▶ Action item: Your answer is the lines below, exactly, from the one that contains "LA VIE EN ROSE" through the one that contains "De Monte Amiata vanuit Pienza", both included.
★ ★ ★ ★ ★ ★ ★
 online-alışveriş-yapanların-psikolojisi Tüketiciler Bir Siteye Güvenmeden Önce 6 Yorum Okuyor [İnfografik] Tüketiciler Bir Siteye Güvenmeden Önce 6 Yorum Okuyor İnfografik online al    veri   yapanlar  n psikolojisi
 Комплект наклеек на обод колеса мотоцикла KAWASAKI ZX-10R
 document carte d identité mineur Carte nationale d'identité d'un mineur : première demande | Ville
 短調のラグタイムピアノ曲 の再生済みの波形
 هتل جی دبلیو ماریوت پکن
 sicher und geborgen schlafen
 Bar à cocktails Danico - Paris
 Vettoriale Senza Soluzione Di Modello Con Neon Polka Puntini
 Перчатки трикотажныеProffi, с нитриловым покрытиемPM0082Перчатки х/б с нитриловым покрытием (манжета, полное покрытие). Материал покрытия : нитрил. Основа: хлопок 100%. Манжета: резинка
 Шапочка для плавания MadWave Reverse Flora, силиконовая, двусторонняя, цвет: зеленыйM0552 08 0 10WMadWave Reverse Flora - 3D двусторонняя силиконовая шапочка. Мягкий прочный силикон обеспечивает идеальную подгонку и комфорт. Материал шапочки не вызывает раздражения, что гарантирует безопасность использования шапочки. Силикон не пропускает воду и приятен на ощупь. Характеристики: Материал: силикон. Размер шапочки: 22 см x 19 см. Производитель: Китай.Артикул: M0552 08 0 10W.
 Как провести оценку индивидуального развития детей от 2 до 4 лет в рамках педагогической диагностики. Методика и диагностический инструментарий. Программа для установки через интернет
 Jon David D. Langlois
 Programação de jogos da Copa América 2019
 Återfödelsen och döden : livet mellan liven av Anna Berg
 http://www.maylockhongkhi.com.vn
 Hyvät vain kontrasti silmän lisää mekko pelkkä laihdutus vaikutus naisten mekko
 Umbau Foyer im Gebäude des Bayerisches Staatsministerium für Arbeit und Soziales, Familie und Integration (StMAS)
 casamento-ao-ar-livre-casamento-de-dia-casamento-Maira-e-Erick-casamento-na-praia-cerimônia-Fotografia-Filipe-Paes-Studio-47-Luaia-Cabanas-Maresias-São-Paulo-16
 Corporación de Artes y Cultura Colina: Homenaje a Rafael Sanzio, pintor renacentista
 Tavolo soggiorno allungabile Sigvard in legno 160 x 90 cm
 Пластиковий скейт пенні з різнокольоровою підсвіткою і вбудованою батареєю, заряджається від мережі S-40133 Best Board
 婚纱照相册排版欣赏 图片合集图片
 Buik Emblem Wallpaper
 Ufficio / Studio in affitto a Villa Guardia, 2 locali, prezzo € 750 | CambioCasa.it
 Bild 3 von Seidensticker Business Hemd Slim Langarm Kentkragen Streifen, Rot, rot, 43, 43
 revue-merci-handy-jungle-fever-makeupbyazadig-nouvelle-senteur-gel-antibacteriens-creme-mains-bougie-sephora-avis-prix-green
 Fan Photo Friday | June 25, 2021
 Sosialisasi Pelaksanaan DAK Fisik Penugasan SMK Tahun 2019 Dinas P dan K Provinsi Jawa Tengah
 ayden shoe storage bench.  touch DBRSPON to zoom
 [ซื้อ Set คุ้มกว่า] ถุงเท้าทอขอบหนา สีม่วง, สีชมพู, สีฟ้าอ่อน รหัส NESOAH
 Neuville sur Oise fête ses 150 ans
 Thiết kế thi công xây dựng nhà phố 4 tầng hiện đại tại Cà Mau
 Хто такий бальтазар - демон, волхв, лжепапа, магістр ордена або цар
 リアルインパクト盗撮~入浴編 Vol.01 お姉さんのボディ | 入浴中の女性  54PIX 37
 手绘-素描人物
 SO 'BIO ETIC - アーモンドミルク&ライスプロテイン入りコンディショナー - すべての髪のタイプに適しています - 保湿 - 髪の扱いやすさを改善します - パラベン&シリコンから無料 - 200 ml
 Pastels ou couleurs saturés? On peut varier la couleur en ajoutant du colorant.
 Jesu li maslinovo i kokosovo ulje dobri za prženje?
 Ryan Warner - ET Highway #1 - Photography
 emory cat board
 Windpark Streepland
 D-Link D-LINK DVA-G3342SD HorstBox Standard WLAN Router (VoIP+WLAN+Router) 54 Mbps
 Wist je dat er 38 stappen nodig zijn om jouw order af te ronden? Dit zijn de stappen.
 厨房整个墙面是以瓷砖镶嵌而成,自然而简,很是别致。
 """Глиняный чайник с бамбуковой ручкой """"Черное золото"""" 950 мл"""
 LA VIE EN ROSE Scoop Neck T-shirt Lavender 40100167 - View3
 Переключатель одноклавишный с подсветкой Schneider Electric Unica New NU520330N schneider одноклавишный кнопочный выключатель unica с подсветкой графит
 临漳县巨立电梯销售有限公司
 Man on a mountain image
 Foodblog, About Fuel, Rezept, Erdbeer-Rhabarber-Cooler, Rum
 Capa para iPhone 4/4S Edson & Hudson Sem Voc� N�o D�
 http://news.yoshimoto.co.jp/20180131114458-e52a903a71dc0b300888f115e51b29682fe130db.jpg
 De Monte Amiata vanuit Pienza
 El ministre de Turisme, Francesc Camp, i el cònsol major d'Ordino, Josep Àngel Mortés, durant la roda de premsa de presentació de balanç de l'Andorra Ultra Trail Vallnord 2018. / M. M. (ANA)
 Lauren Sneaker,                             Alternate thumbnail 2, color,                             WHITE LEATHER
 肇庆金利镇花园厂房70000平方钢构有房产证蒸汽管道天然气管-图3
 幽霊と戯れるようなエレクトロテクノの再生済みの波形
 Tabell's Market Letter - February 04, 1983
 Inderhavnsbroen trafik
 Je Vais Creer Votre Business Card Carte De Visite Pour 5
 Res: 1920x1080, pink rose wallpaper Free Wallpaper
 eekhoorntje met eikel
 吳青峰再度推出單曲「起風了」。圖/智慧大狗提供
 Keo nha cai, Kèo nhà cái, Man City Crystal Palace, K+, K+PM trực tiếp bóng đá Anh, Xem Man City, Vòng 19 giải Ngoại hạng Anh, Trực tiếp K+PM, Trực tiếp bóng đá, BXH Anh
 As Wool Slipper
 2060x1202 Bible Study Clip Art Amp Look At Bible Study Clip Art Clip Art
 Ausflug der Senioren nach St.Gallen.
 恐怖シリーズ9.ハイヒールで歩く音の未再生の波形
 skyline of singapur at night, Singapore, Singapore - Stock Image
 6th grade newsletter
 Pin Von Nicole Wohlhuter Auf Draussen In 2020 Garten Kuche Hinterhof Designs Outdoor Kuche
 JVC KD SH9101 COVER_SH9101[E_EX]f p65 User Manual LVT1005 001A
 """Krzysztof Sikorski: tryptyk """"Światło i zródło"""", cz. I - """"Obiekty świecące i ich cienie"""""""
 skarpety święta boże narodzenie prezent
★ ★ ★ ★ ★ ★ ★
▶ Answer section:
 LA VIE EN ROSE Scoop Neck T-shirt Lavender 40100167 - View3
 Переключатель одноклавишный с подсветкой Schneider Electric Unica New NU520330N schneider одноклавишный кнопочный выключатель unica с подсветкой графит
 临漳县巨立电梯销售有限公司
 Man on a mountain image
 Foodblog, About Fuel, Rezept, Erdbeer-Rhabarber-Cooler, Rum
 Capa para iPhone 4/4S Edson & Hudson Sem Voc� N�o D�
 http://news.yoshimoto.co.jp/20180131114458-e52a903a71dc0b300888f115e51b29682fe130db.jpg
 De Monte Amiata vanuit Pienza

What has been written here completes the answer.